Your task
Only the lines from the one bearing "中古2個セット ケース入り 現状品の画像4" through the end of the listing belong in your response, restated word for word and without pictures.

Supplied data
****************************************

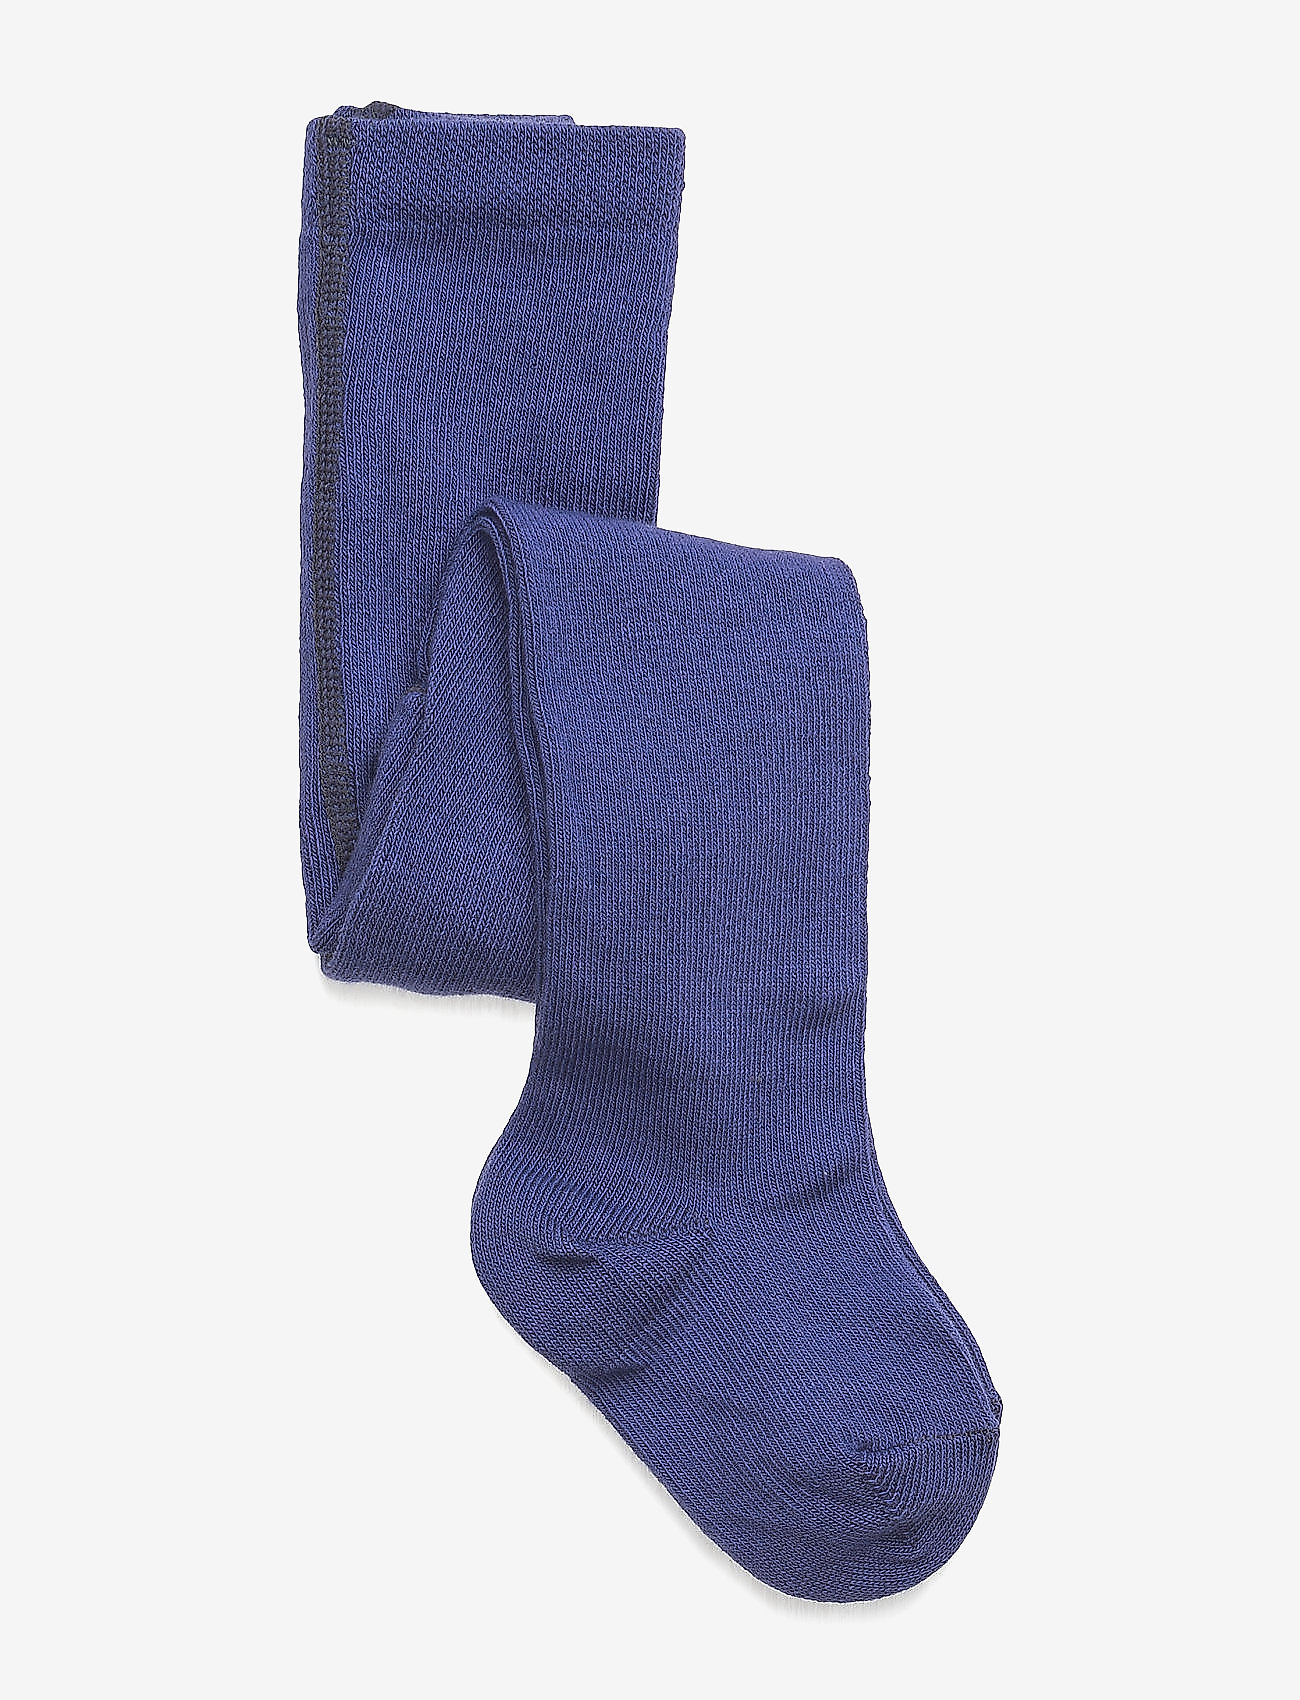 Melton - Cotton tights - tights - 741/dark violet (reddish) - 0
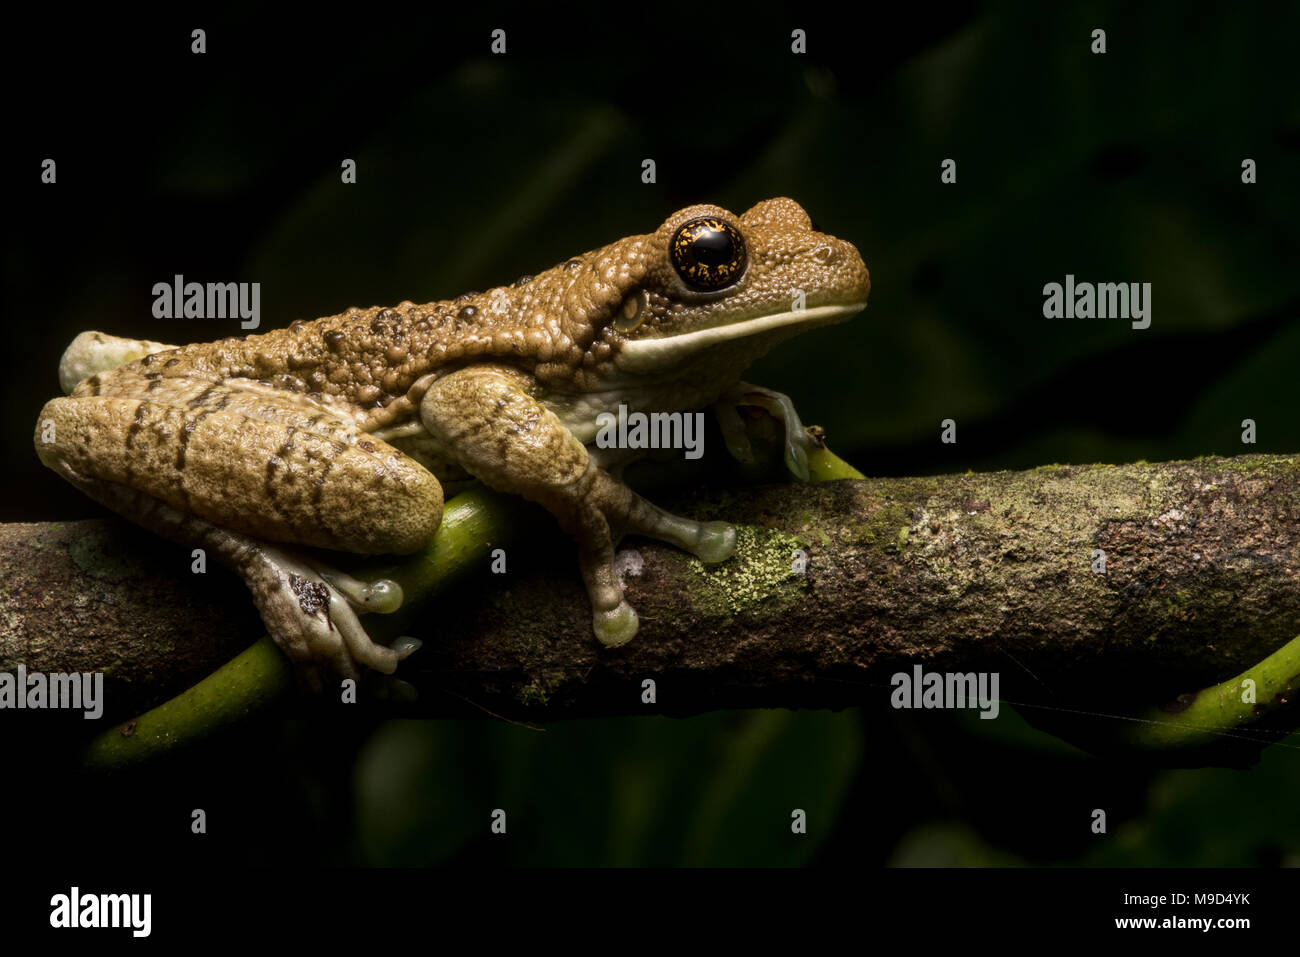 Eine geäderte Laubfrosch (Trachycephalus venulosus) aus Peru. Diese frog haben giftige Sekrete, die it von Raubtieren zu verteidigen. Stockfoto
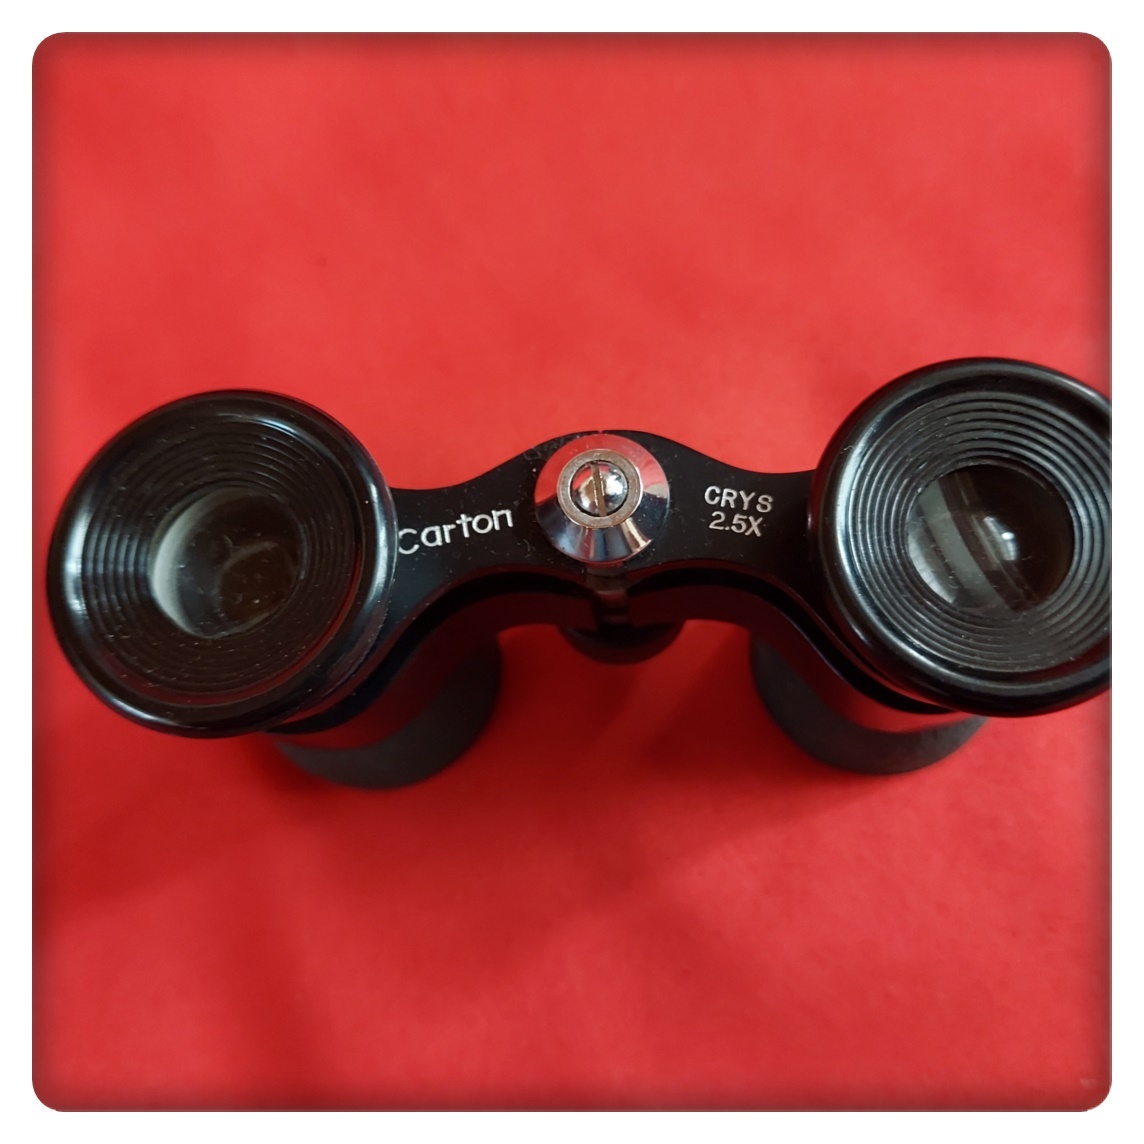  （ポ）双眼鏡 BINOCULARS Super Star 12×50 /Carton CRYS 2.5X 双眼鏡 中古2個セット ケース入り 現状品の画像4
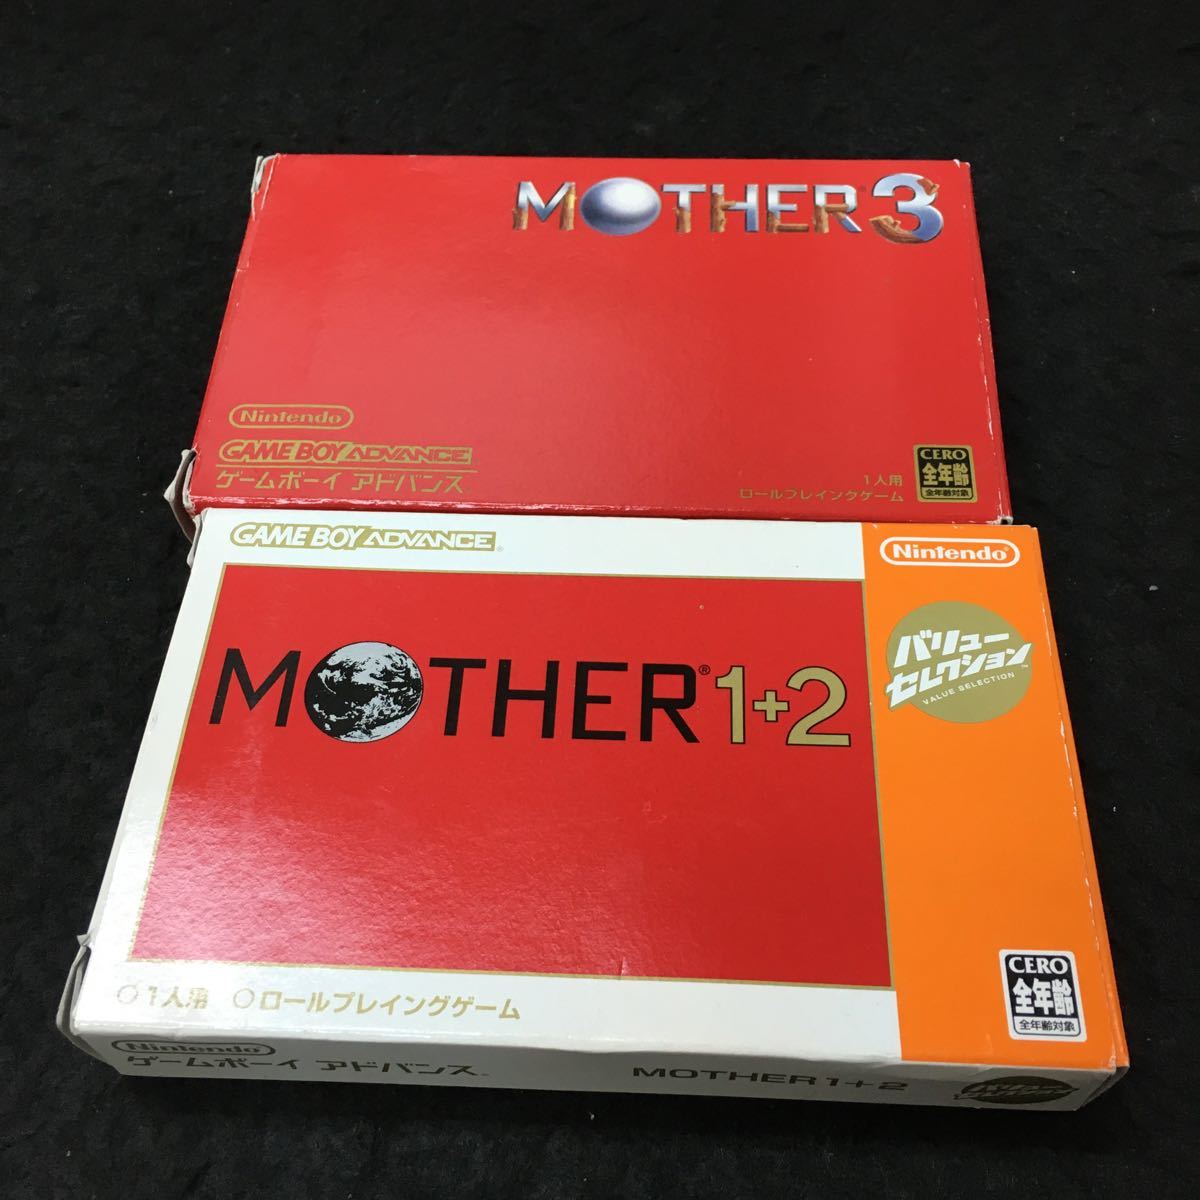 まとめ-え Nintendo(ゲームボーイ アドバンス) MOTHER 1+2 / MOTHER 3 2個セット※7 _画像1
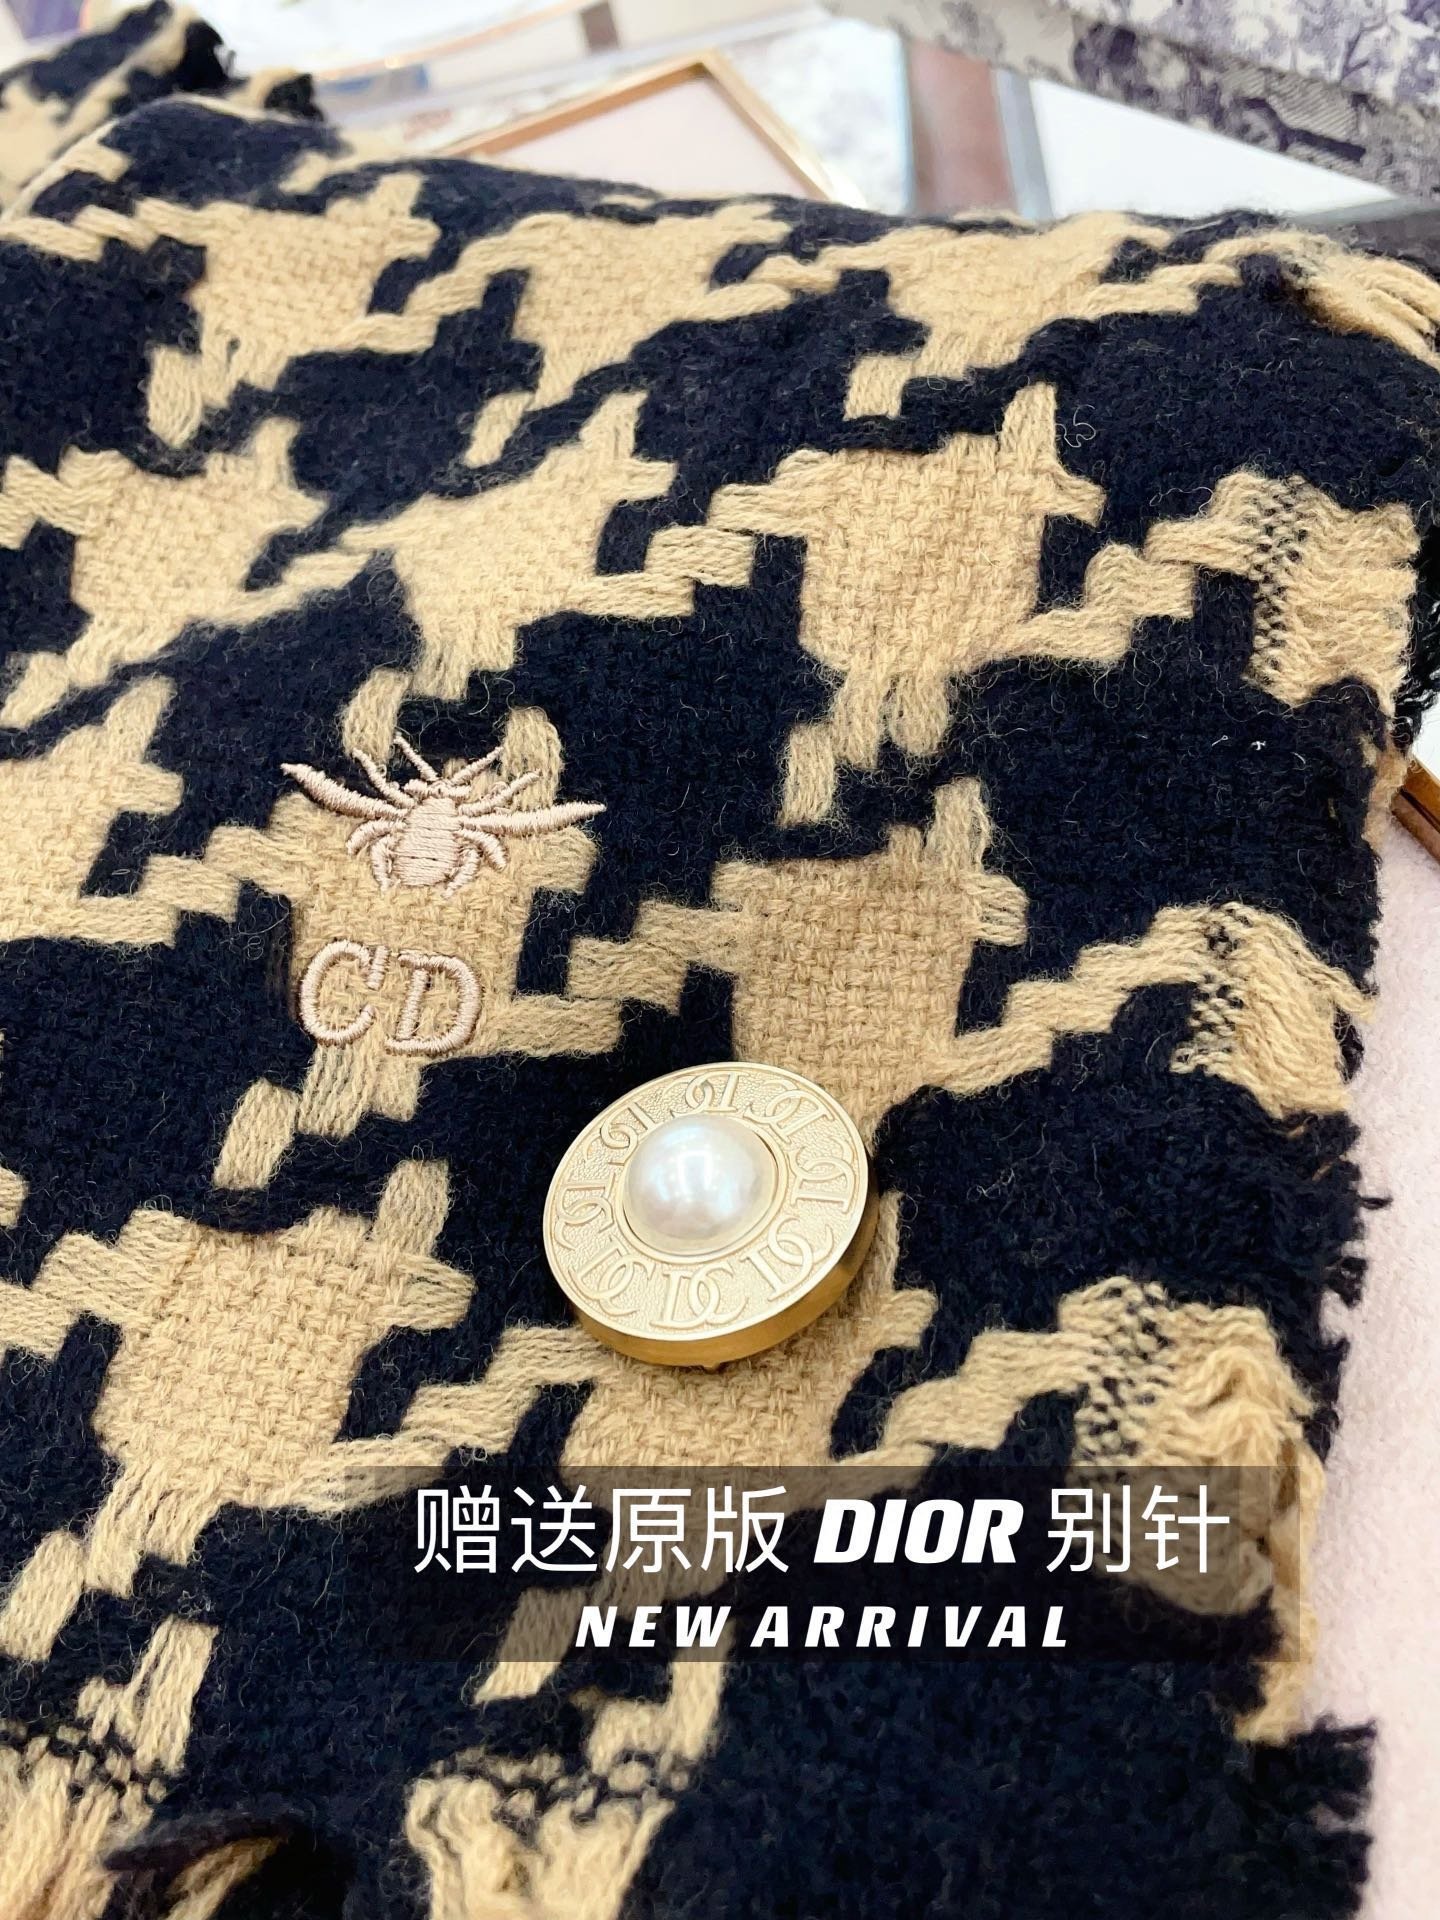 配送胸针Dior超美新款大千鸟围巾！超级推荐入手！质感好货！Dior主打的千鸟纹理据说超难买哦！！我们的

****************************************

Solution to this exercise
  （ポ）双眼鏡 BINOCULARS Super Star 12×50 /Carton CRYS 2.5X 双眼鏡 中古2個セット ケース入り 現状品の画像4
 まとめ-え Nintendo(ゲームボーイ アドバンス) MOTHER 1+2 / MOTHER 3 2個セット※7 _画像1
 配送胸针Dior超美新款大千鸟围巾！超级推荐入手！质感好货！Dior主打的千鸟纹理据说超难买哦！！我们的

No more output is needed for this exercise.